About this exercise:
Would you write out each line of the material below exactly, skipping every picture?
*** Source information
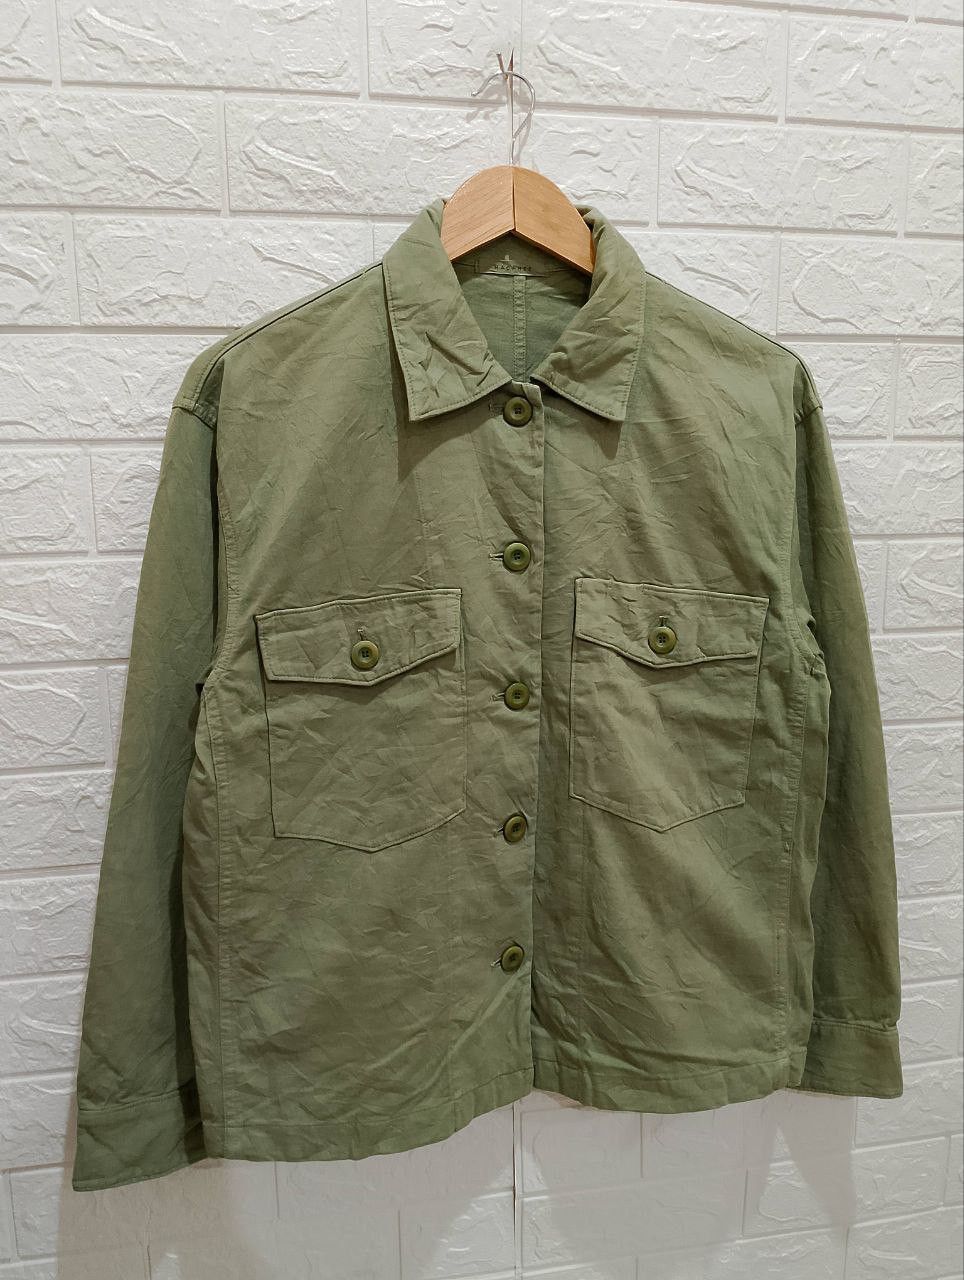 Archival Clothing - Macphee Military OG-107 Design Long Sleeve Shirt Jacket - 4
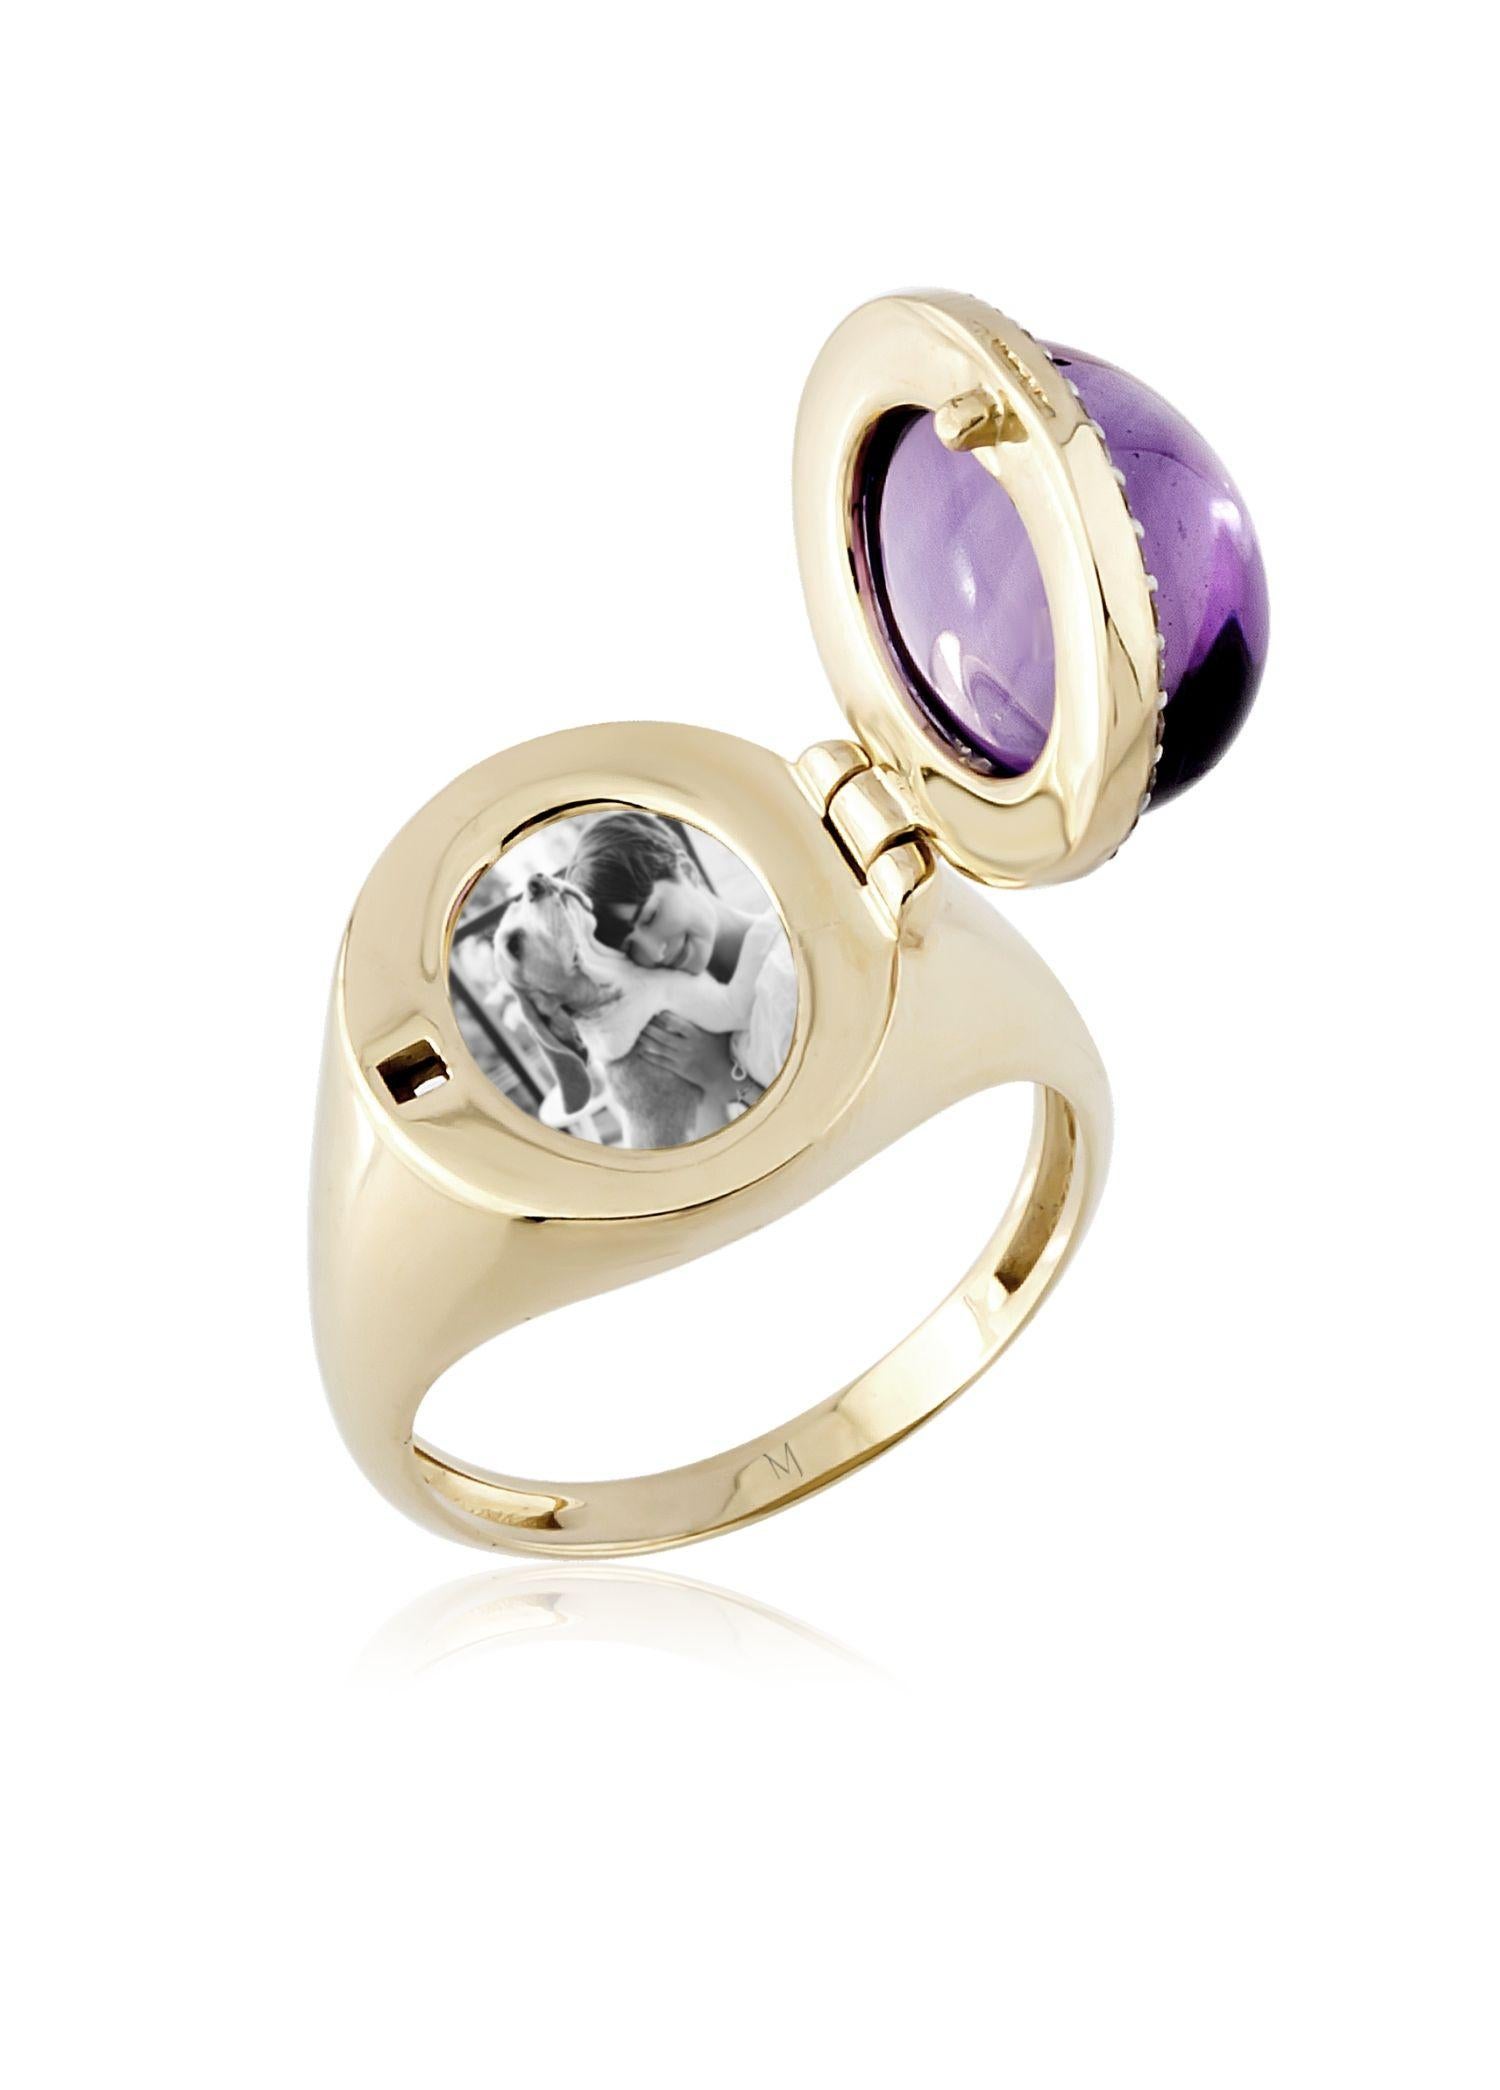 Melie Jewelry - Bague avec médaillon en améthyste

Or 14K, 0,15 ct diamant, 6,05 ct améthyste

L'histoire derrière
La collection 
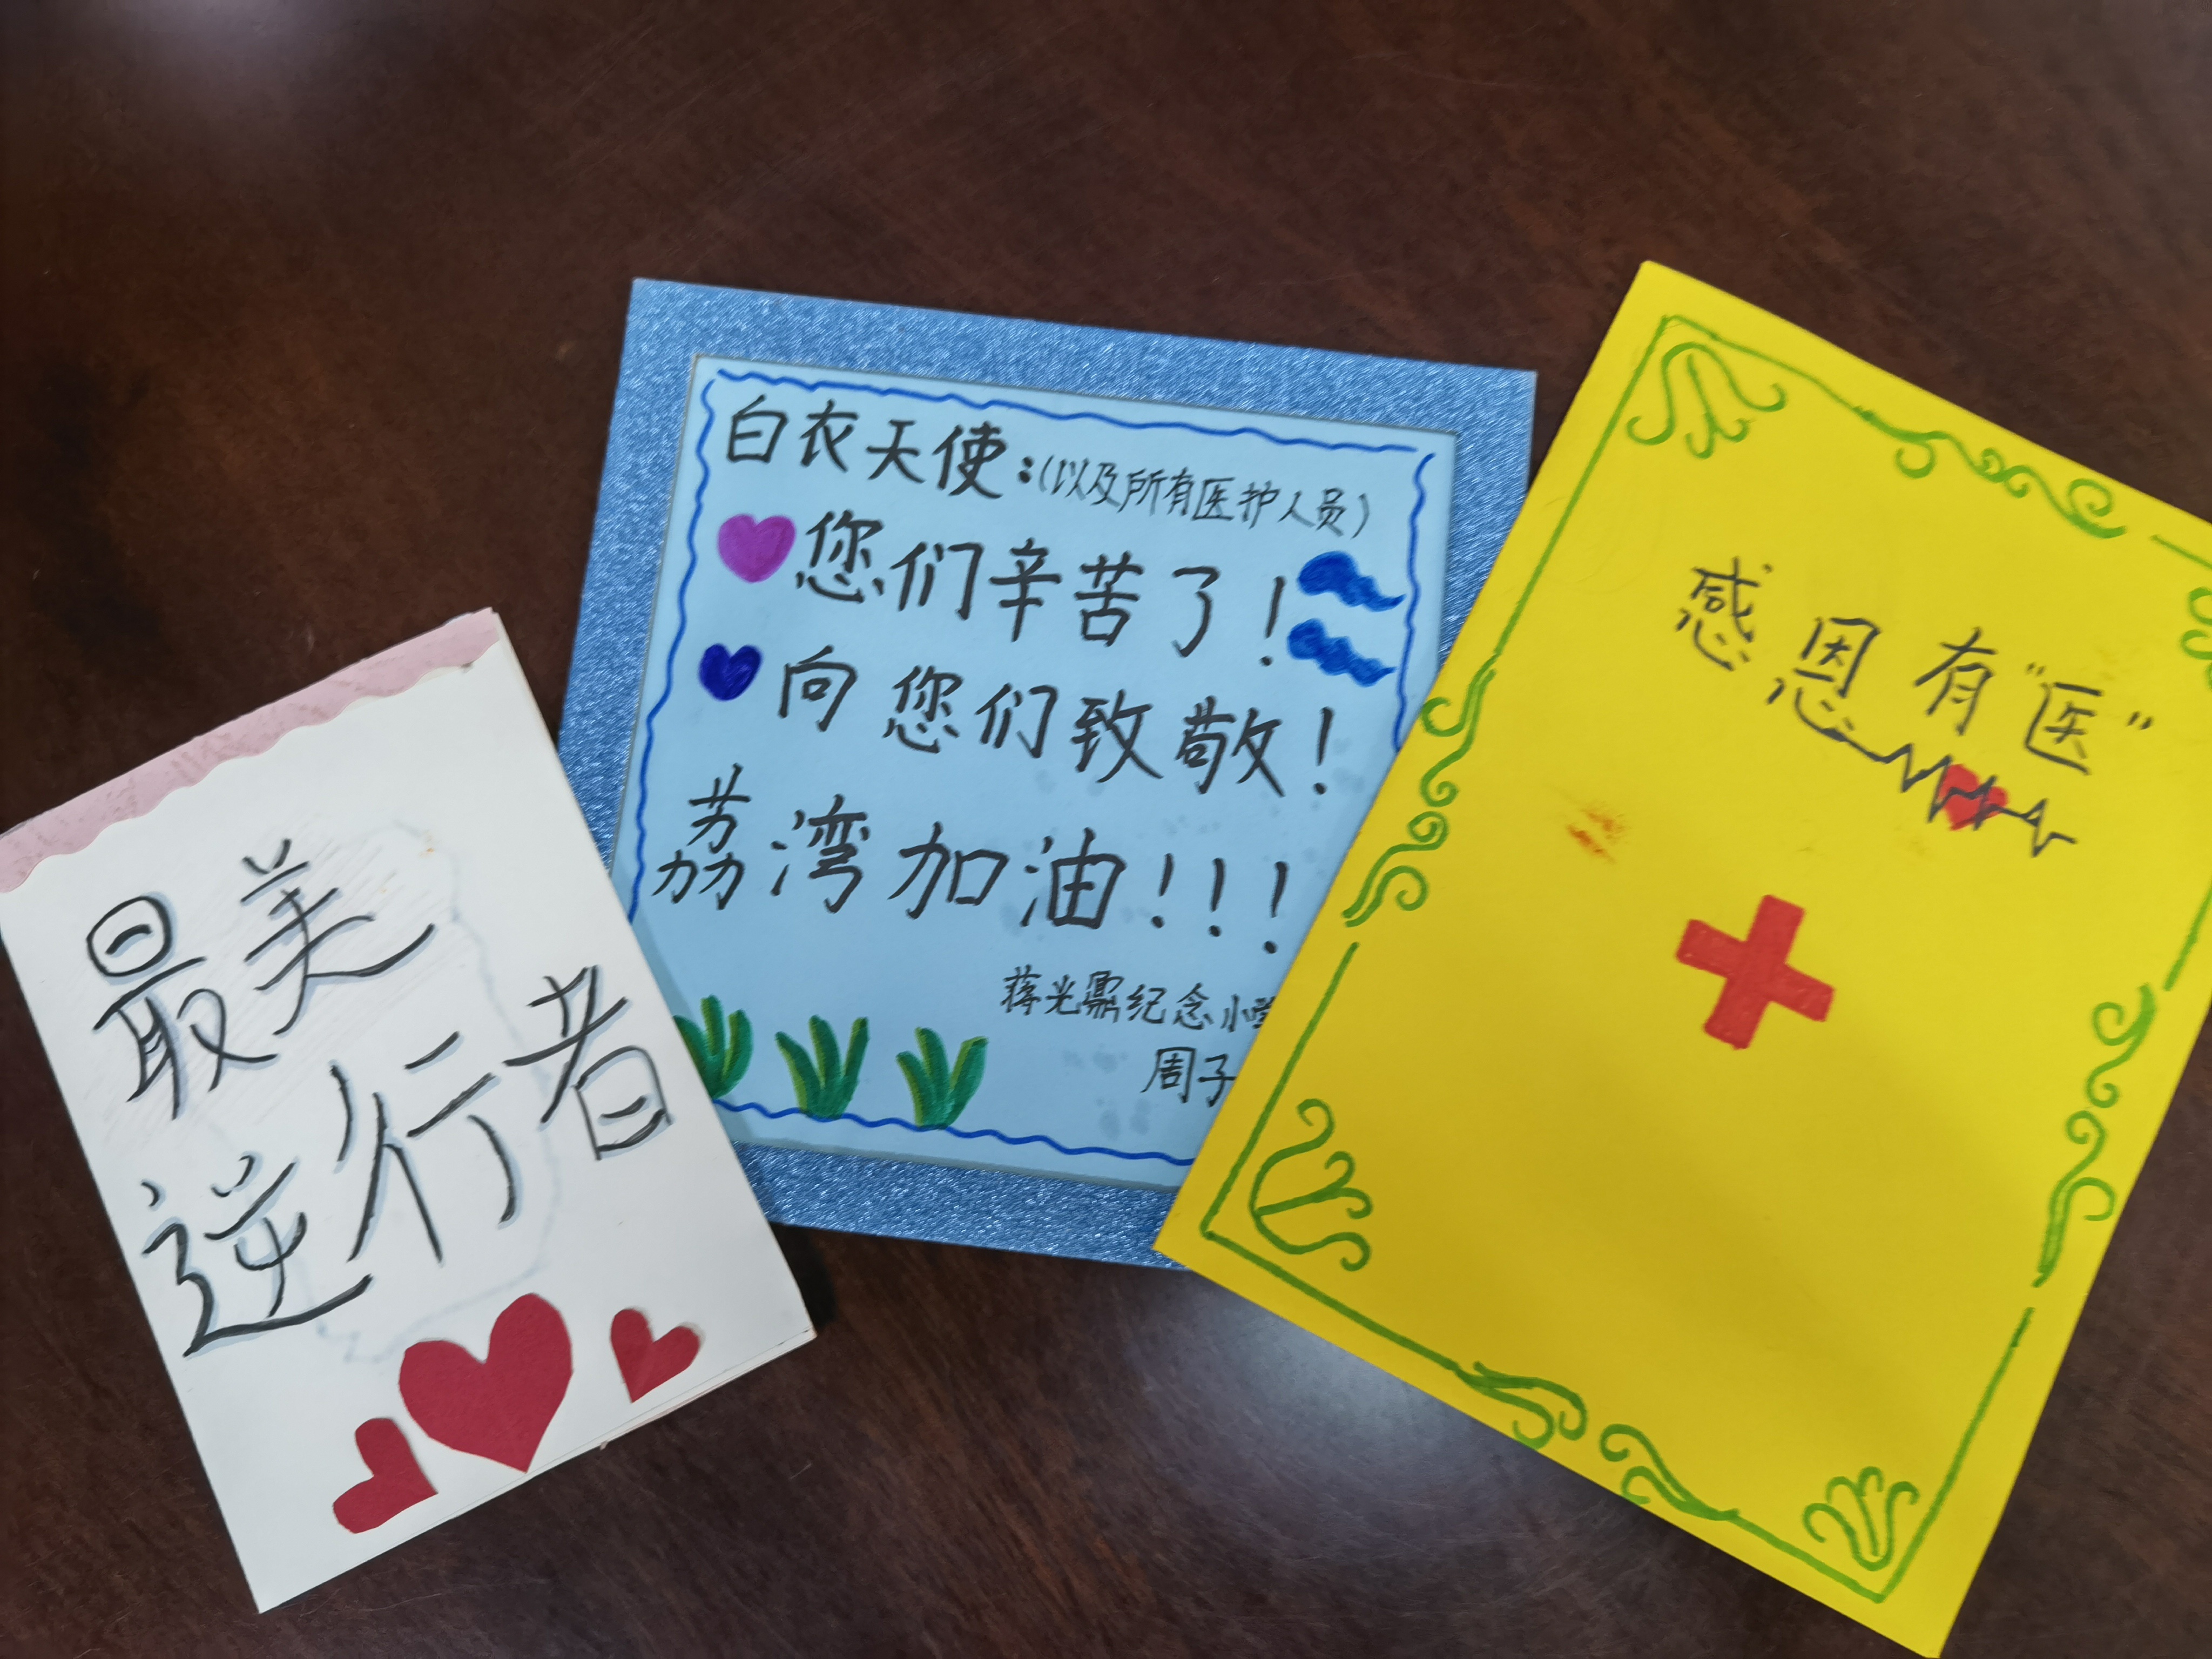 最温暖的儿童节礼物广州小学生手绘贺卡赠医护
******
Response to this exercise:
 Archival Clothing - Macphee Military OG-107 Design Long Sleeve Shirt Jacket - 4
 Melie Jewelry - Bague avec médaillon en améthyste

Or 14K, 0,15 ct diamant, 6,05 ct améthyste

L'histoire derrière
La collection 
 最温暖的儿童节礼物广州小学生手绘贺卡赠医护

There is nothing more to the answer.